For those unfamiliar with home health providers, they are the individuals or entities that provide both medical-related services in the residences of everyone from the elderly and the disabled to those who are gravely ill and those who are recovering from hospitals stays.

It's important for those considering launching a business catering to the needs of these often homebound people here in Florida to understand that there are certain requirements they must satisfy, including, most significantly, securing the necessary licensure from the Agency For Health Care Administration.

This naturally begs the question as to what types of companies or independent health care professionals must be licensed.

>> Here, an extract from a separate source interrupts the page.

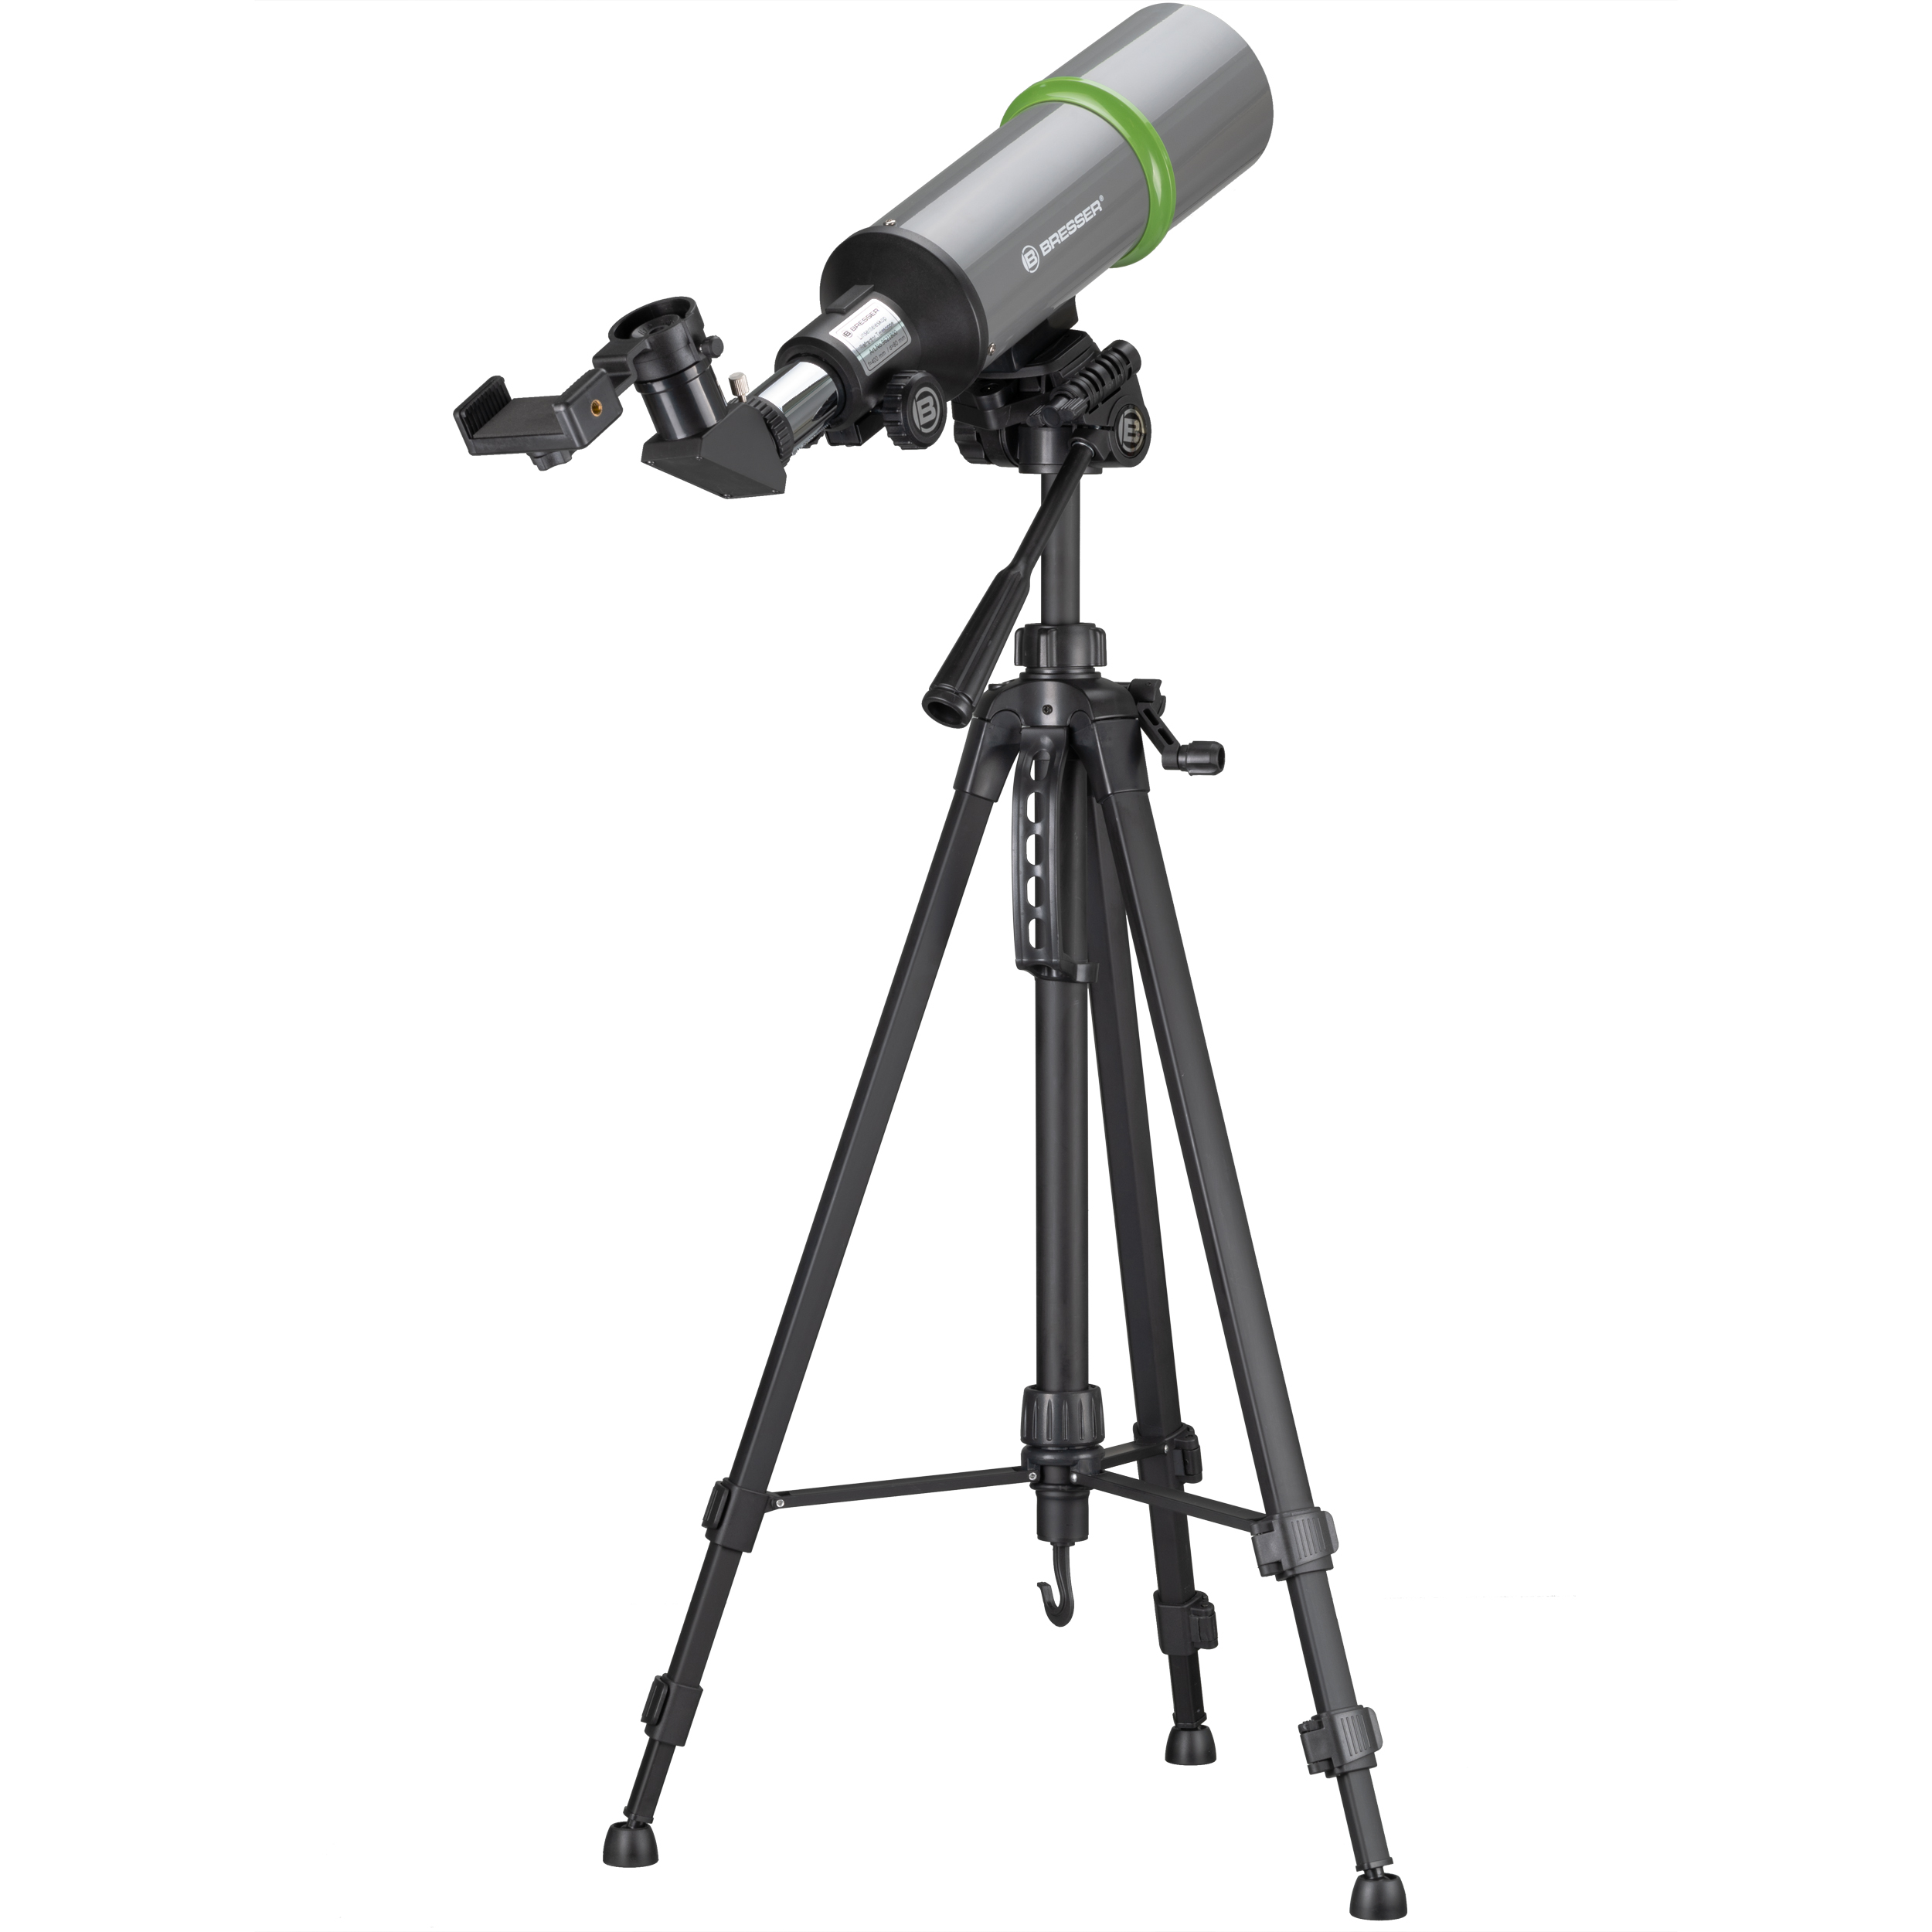  Telescopio da viaggio NightExplorer BRESSER 80/400 con zaino, adattatore per smartphone e accessori

According to the AHCA, the following must be licensed or registered with the state:

  • Nurse registries: Entities that coordinate the provision of medical services by certified nursing assistants, home health aides, nurses or companions to patients in their homes
  • Hospices: Entities that provide continuous palliative and otherwise supportive care for terminally ill patients and their loved ones in a home setting
  • Home medical equipment providers: Entities that rent or sell home medical equipment, and provide services related to this equipment (delivery, assembly, maintenance, etc.)
  • Homemaker/companion services providers: Entities that help the elderly and the disabled with cooking, housekeeping and others chores, while also providing companionship
  • Home health agencies: Entities that provide both unskilled services (i.e., those provided by nursing assistants, companions, home health aides) and skilled services (i.e., those provided by social workers, therapists and nurses) to patients in their homes

What the forgoing serves to illustrate is that navigating the legal landscape of ACHA regulations as they relate to licensure can be a complex endeavor for those looking to enter to home health care industry. As such, they should seriously consider consulting with an experienced legal professional who can help assist them with this issue and other compliance-related matters.